Under the null hypothesis of no discriminatory ability,
the number of correctly identified cups in any one draw ($X$) follows a
hypergeometric distribution
with parameters $N = 8$ (total), $K = 4$ (successes) and $n = 4$ (draws), i.e.,
[
X \sim \textrm{Hypergeometric}(8, 4, 4).
]
In any given round, the subject fails the test if she only identifies
0, 1 or 2 cups correctly. Under the null hypothesis, the probability of this
happening is given by $p = \mathbb{P}(X \leq 2)$, the value of which
we can determine using the cumulative mass function of the
Hypergeometric(8, 4, 4) distribution.
We suspend judgement on the subject’s discriminatory abilities if she
identifies exactly three cups correctly, in which case she has another go.
Under the null hypothesis, the probability of this happening in any
given round is given by $q = \mathbb{P}(X = 3)$, the value of which
can be determined using the probability mass function of the Hypergeometric(8, 4, 4)
distribution.

With those probabilities in hand, we can now compute the probability that the
subject fails the experiment in a specific round, assuming the null hypothesis
is correct. In the first round, she will fail the experiment with probability $p$.
In order to fail in the second round, she needed to have advanced to the
second round, which happens with probability $q$, and then fail in that round,
which happens with probability $p$. That is, she will fail in the second
round with probability $pq$. To fail in the third round, she needed to advance
to the third round, which happens with probability $q^2$ and then fail in
the third round, which happens with probability $p$. That is, she will fail
in the third round with probability $pq^2$. Etc. etc.
The probability that she will fail somewhere in the experiment if the null
hypothesis is true, then,
is given by
[
\sum_{i = 1}^{\infty}pq^{i-1} = \sum_{i = 0}^{\infty}pq^i = \frac{p}{1-q},
]
where the first equality is just a matter of shifting the index
and the second equality holds because the expression is a geometric series.

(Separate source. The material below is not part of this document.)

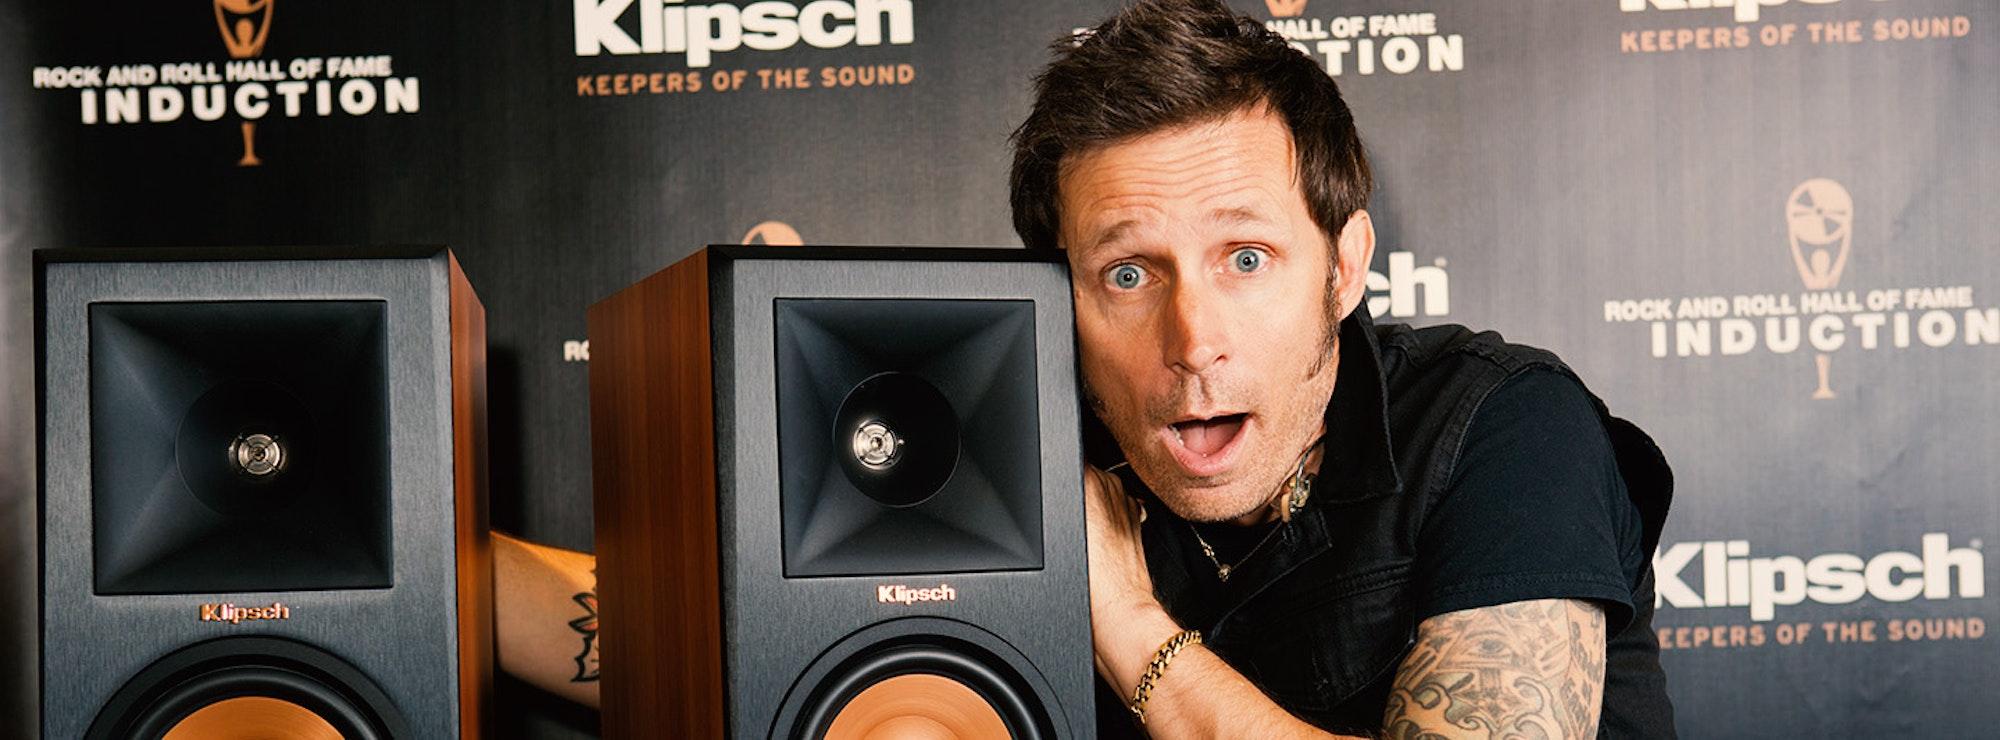 Mike Dirnt with Klipsch speakers

Let’s compute the final results using Julia.
The following loads the DataFrames and Distributions packages
and then defines d as the Hypergeometric(8, 4, 4) distribution.
Note that in Julia, the parameters for the Hypergeometric distribution
aren’t $N$ (total), $K$ (successes) and $n$ (draws), but rather $k$ (successes), $N-k$ (failures) and $n$ (draws);
see the documentation.
We then read off the values for $p$ and $q$ from the cumulative mass function and probability mass function, respectively:

using Distributions
d = Hypergeometric(4, 4, 4);
p = cdf(d, 2);
q = pdf(d, 3);

The probability that the subject will fail the experiment if she does indeed not have the
purported discriminatory ability is now easily computed:

p / (1 - q)
## 0.9814814814814815

The next question is how many rounds we expect the experiment to carry on for
if the null hypothesis is true. At each round, the probability that
the experiment terminates in that round is given by $1 – q$.
From the geometric distribution,
we know that we then on average need $1/(1-q)$ attempts before the first
terminating event occurs:

1 / (1 - q)
## 1.2962962962962965

In sum, if the subject lacks any discriminatory ability, there is only
a 1.85% chance that she will pass the test, and on average, the experiment
will run for 1.3 rounds.

Brute-force solution

First, we define a function experiment() that runs the experiment once.
In essence, we have an urn that contains four correct
identifications (true) and four incorrect identifications (false).
From this urn, we sample() four identifications without replacement.

Note, incidentally, that Julia functions can take both positional arguments
and keyword arguments. In the sample() command below, both urn and
4 are passed as positional arguments, and you’d have to read the
documentation
to figure out which argument specifies what.
The keyword arguments are separated from the positional arguments by a semi-colon
and are identified with the parameter’s name.

Next, we count the number of trues in our pick using sum().
Depending on how many trues there are in pick, we
terminate the experiment, returning false if we remain sceptic
and true if we choose to believe the lady, or we run the experiment for one
more round. The number of attempts are tallied and output as well.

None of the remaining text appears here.